Ryland Grace is a middle-school science teacher, who wakes up in a stark white room with no memory of how he got there. Grace’s memory slowly starts to return (in convenient chunks at just the right time for the story’s dramatic purposes) and he recalls that Earth is facing an extinction-level event and that he was one of the three people chosen to be sent into deep space to save himself and our planet. Grace’s two colleagues have perished, leaving him to piece together not only where he’s been, how he got there, but also what he needs to do so hopefully save the planet. And he’s also got to make the first contact with a new alien race.
Grace may not seem like the most likely or likable choice to go on a mission to save humanity. And Weir does his best to make Grace a character we can sympathize with and root for. The problem is that I never quite developed the same investment in Grace that I did in Mark in The Martian. Mark was gifted in certain areas, but never came off as smarmy or overly smug, Grace does. I kept wanting to like Grace but I never found myself rooting for him in the same way as Mark.
Which is all well and good. I don’t expect an author to write the same book over and over again. But what I do hope is the author will find a way to engage me across each of his or her novels. Weir did that with The Martian but failed to do so in his last two books. The dilemma that Grace faces is intriguing enough.

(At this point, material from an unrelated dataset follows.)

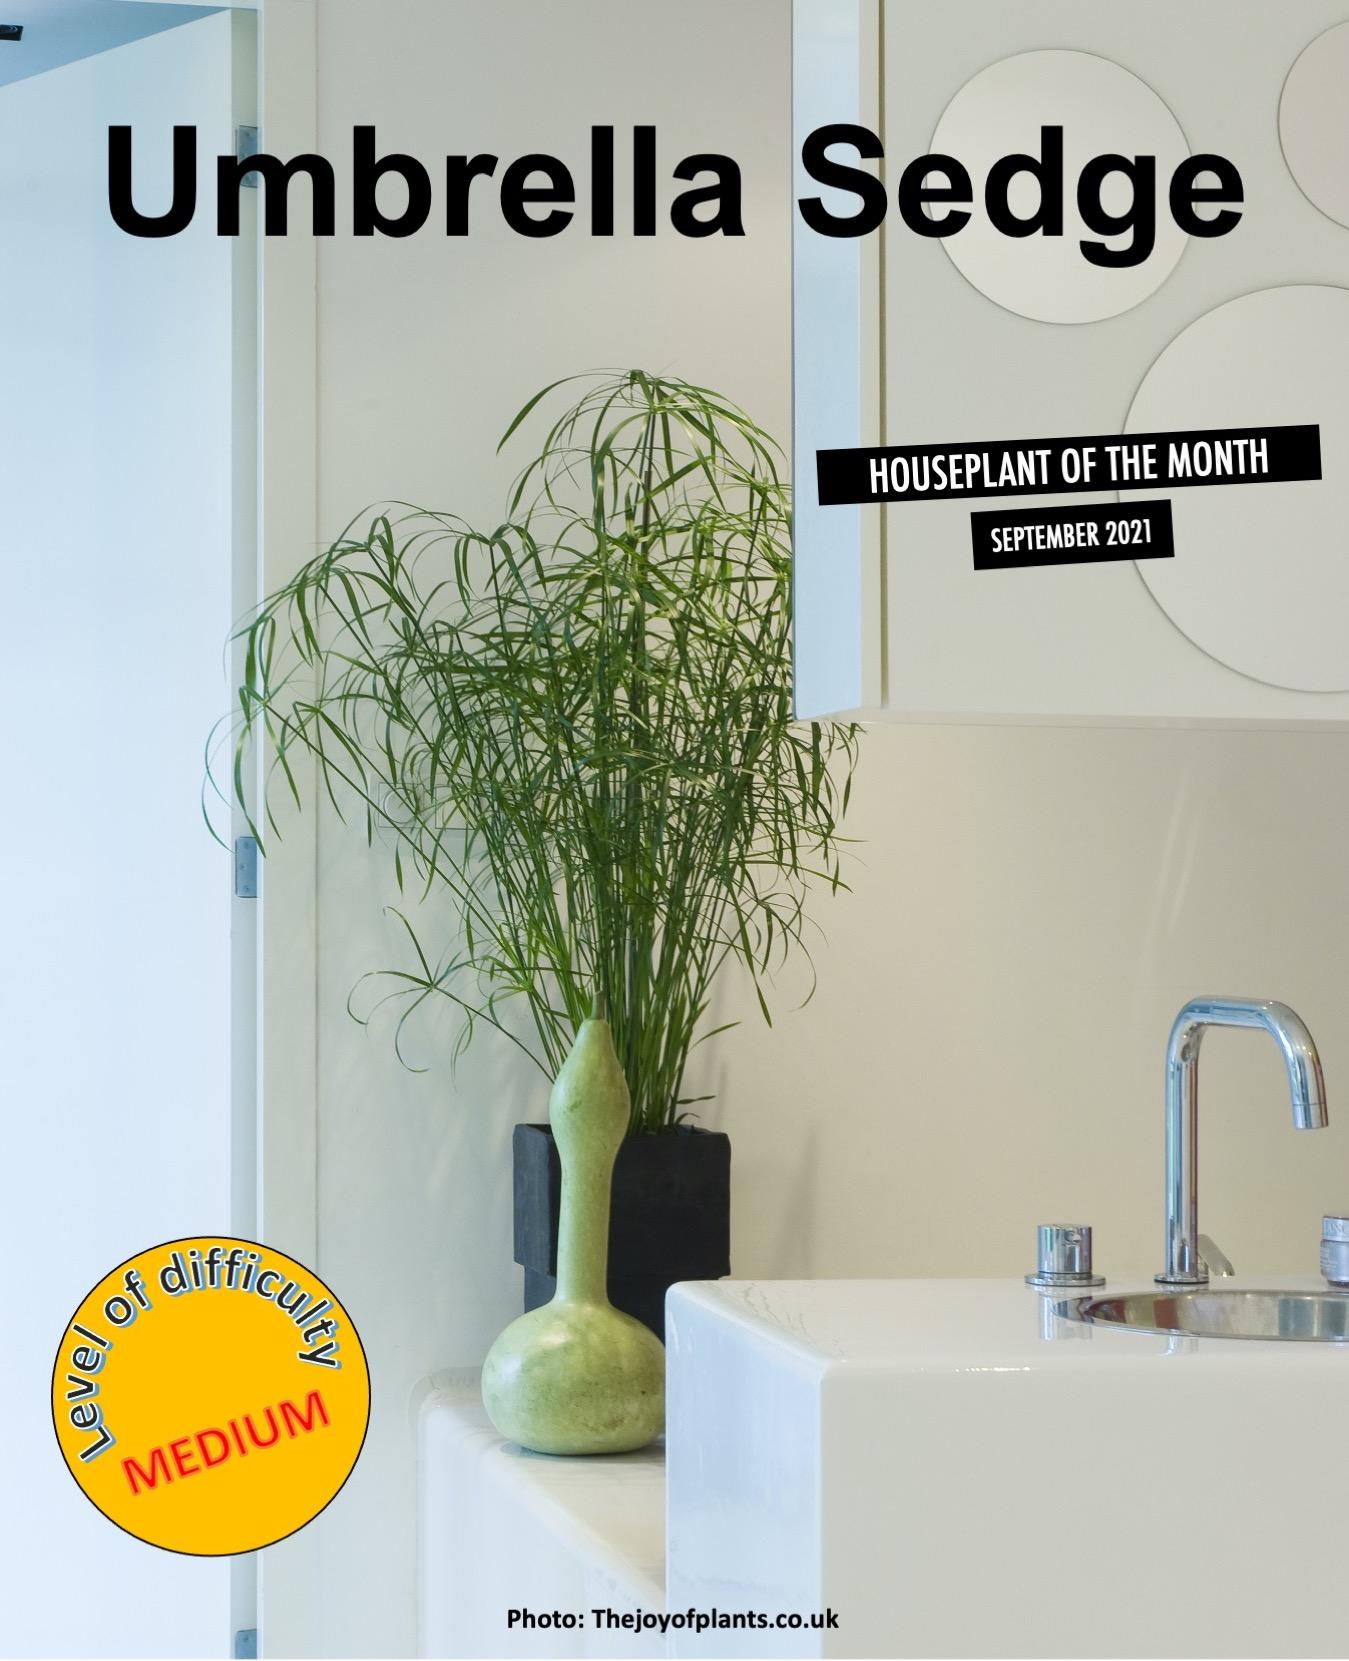 Umbrella sedge in white decor

It’s just there are long stretches of the book when I feel like Weir is trying too hard to prove the science behind his science-fiction and not necessarily engaging the reader.
Project Hail Mary isn’t quite the triumphant return I’d hoped Weir would have. It’s good, it’s (for the most part) readable. But it never quite got its hooks into me in the way I’d hope it would. This one may drop Weir from my list of automatic reads.
In the interest of full disclosure, I received a digital ARC of this book in exchange for an honest review.